WORK INSTRUCTIONS → Return nothing but the lines from the line containing "NEW Apple AirPods Gen 2 - Price FIRM" through the last line of the records, reproduced exactly.

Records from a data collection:

-------

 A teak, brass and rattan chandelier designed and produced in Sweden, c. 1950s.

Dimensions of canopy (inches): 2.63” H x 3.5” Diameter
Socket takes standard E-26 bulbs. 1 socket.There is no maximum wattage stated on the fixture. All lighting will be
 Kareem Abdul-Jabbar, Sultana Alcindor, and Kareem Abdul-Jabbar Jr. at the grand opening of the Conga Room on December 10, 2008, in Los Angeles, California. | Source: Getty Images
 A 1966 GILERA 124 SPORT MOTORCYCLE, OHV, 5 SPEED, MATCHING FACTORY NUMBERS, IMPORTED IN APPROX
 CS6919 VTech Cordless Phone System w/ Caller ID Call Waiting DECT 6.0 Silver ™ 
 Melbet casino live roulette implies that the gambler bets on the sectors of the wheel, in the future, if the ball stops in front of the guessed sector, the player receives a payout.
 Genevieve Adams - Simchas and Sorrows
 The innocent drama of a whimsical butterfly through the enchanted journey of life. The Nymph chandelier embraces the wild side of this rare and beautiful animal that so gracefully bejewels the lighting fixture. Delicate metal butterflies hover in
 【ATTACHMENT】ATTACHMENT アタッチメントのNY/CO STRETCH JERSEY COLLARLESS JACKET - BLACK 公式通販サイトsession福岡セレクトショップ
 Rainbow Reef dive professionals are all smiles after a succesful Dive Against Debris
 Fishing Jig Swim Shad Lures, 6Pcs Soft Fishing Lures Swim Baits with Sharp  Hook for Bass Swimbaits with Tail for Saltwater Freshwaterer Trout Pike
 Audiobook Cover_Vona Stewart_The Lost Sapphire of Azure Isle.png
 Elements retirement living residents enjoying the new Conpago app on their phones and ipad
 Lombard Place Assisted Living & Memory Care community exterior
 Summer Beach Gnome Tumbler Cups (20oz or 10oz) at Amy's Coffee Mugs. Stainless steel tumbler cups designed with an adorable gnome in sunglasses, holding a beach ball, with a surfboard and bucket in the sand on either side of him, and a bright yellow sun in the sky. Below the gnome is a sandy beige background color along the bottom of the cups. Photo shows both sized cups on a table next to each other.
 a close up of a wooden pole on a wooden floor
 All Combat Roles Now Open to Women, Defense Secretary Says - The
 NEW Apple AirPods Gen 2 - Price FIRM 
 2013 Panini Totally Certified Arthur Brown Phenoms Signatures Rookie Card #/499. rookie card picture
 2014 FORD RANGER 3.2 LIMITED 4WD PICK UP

-------

OUTPUT BELOW →
 NEW Apple AirPods Gen 2 - Price FIRM 
 2013 Panini Totally Certified Arthur Brown Phenoms Signatures Rookie Card #/499. rookie card picture
 2014 FORD RANGER 3.2 LIMITED 4WD PICK UP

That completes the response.